The associated z critical value with this test is 1.645. Since the z score does not exceed the z critical value, we do not have evidence to reject the null. Additionally, since the associated p value of the z score is 0.7592 is greater than .10, we do not have evidence to reject the null. Thus, we have evidence that the population mean is 20.  Below is the code for this problem.

library('BSDA')

load('Beer Batch Sample.RData')

ls()

z.test(beer, mu=20, sigma.x=5, alternative="less", conf.level = 0.90)

As an aside, the data that I created this did not come from a distribution with mean 20 and standard deviation of 5. While it was still normal, it is possible that the test will not be able to always work. Something to keep in mind.

Two-tailed Test

The setup for a two-tailed test would be as follows:

  H_0: p_0 = p

  H_a: p_0 \neq p

Two-tailed test check if the data suggests that the actual parameter of interest is lower or higher at the same time. It is important to note that the test itself does not suggest if it is higher or lower. However, we can observe the data itself and state whether it would be higher or lower. Determining the whether or not we have evidence to reject the null is similar to one-tailed tests. The first way, by means of comparing the z value and the critical values, is exactly the same as before. p-values do have a slightly process if you are using a table. For calculating the p-value using the table, one would find it using the same table, but then also multiplying that value by 2. This is important to do, as you need to consider those values that are just as extreme as the value you observed on the other side of the distribution.

Example 2

Assume that the population of the total amount of minutes each individual per month spends on Facebook is normally distributed with mean of 1680 and standard deviation of 700. Your analytics division provides you with the following sample of the amount of minutes 10 users spent on Facebook on the previous month. Do we have evidence that the amount of time has changed?

Answer 2

The wording of the question suggests that we need to utilize a two tailed test.
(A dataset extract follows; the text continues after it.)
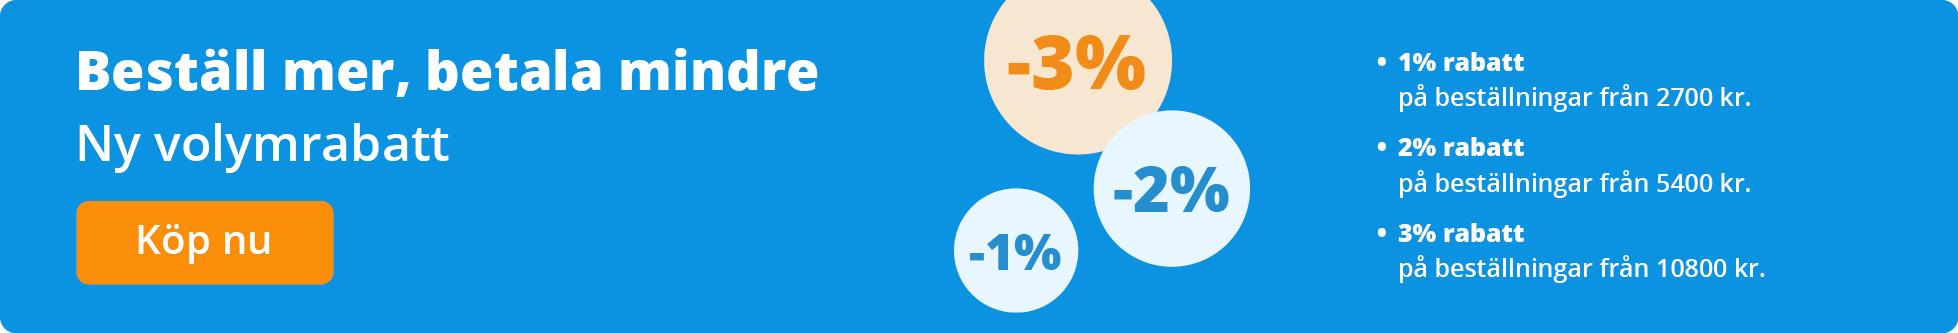 -1% -2% -3%
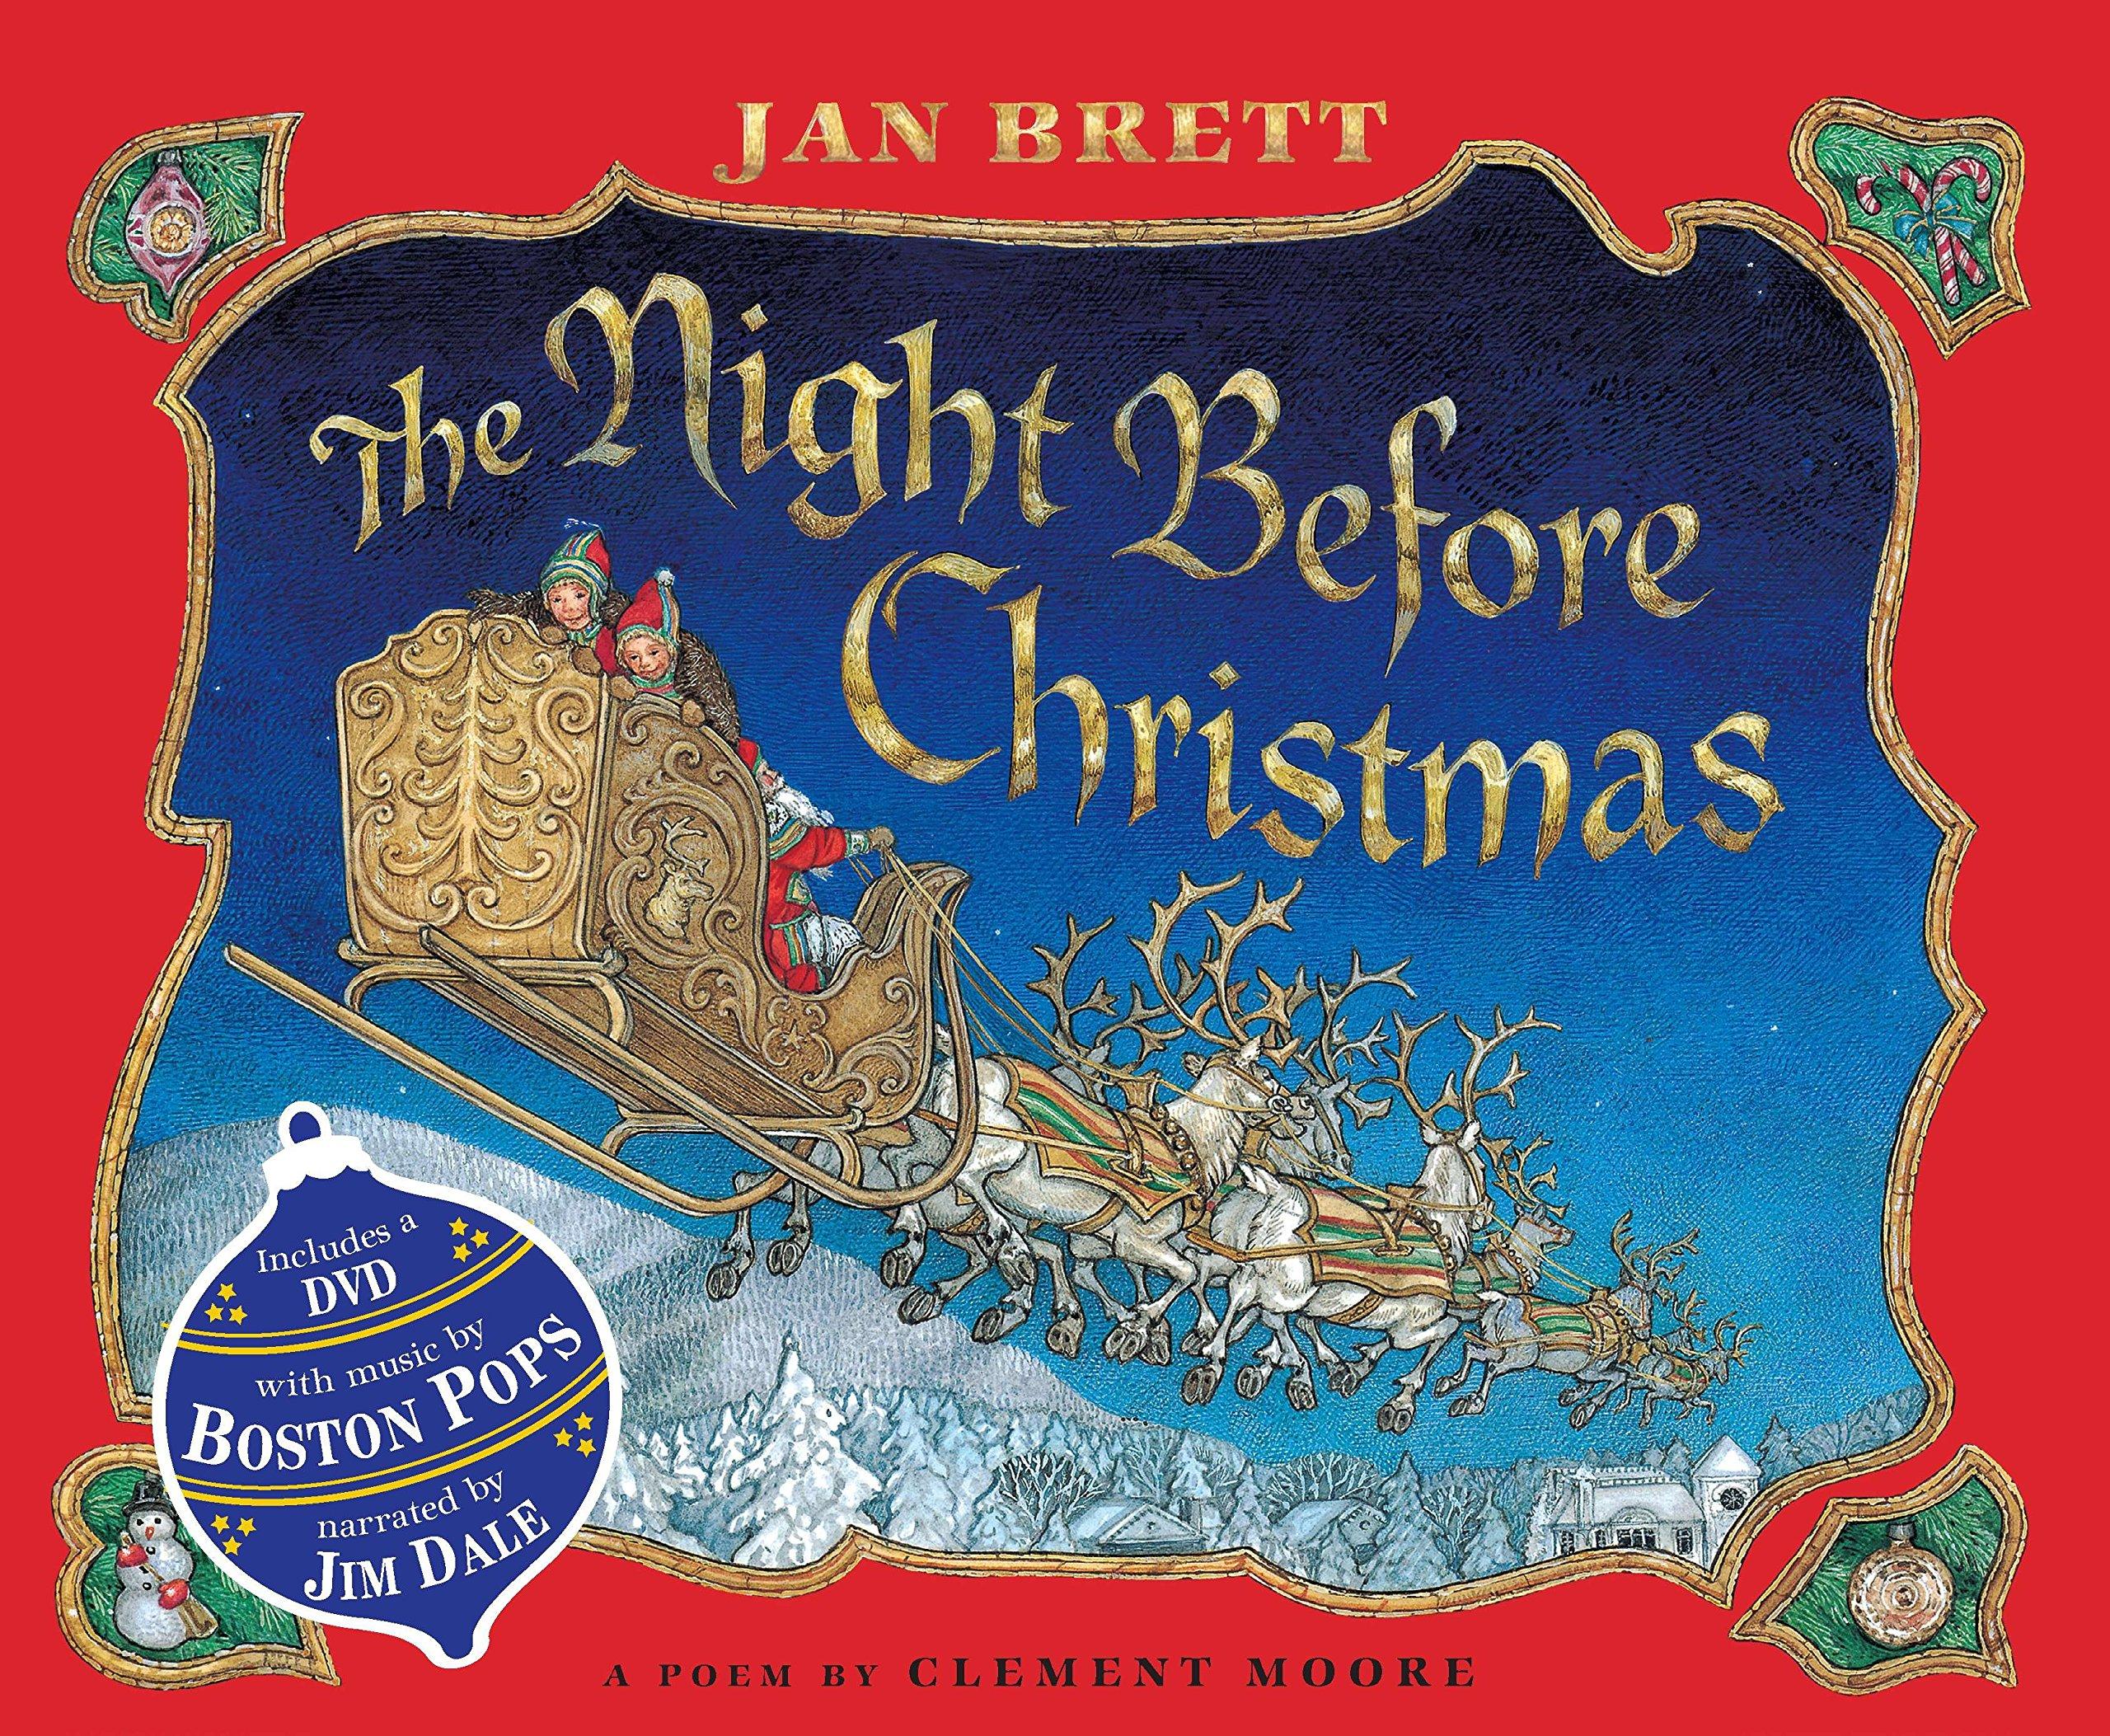 Amazon.com: The Night Before Christmas (Book & DVD) (9780399256707 ...

Thus, we have the following setup:

  H_0: \mu_0 = 1680

  H_a: \mu_0 \neq 1680

Since it was not specified, we will use a significance level of 0.05. With a sample mean of 1618.179. The z score was calculated using the following:

 z =\frac{\bar{x}-\mu}{\sigma/\sqrt{n}}

Using the above formula, the z score was

 z =\frac{\bar{x}-\mu}{\sigma/\sqrt{n}}

 z =\frac{1618.179-1680}{700\sqrt{10}}

 z =\frac{-61.821}{221.359}

 z = -0.2793

This z value has an associate p value of 0.78. Thus, using p values, we do not have evidence to reject the null. Additionally, the z critical values were plus and minus 1.96. Since the critical value does not surpass the critical value, we do not have evidence to reject the null. Thus, we have evidence that the mean of the population is 1680 minutes. Below is the code we utilized to do this in R.

As an aside, we should note that it is actually impossible for the given problem to actually be normally distributed. It is impossible to have negative time on Facebook, but it is a requirement of the normal distribution to go from infinity to negative infinity. Just food for thought.

library('BSDA')

load('Facebook User Sample.RData')

ls()

z.test(fb, mu=1680, sigma.x=700)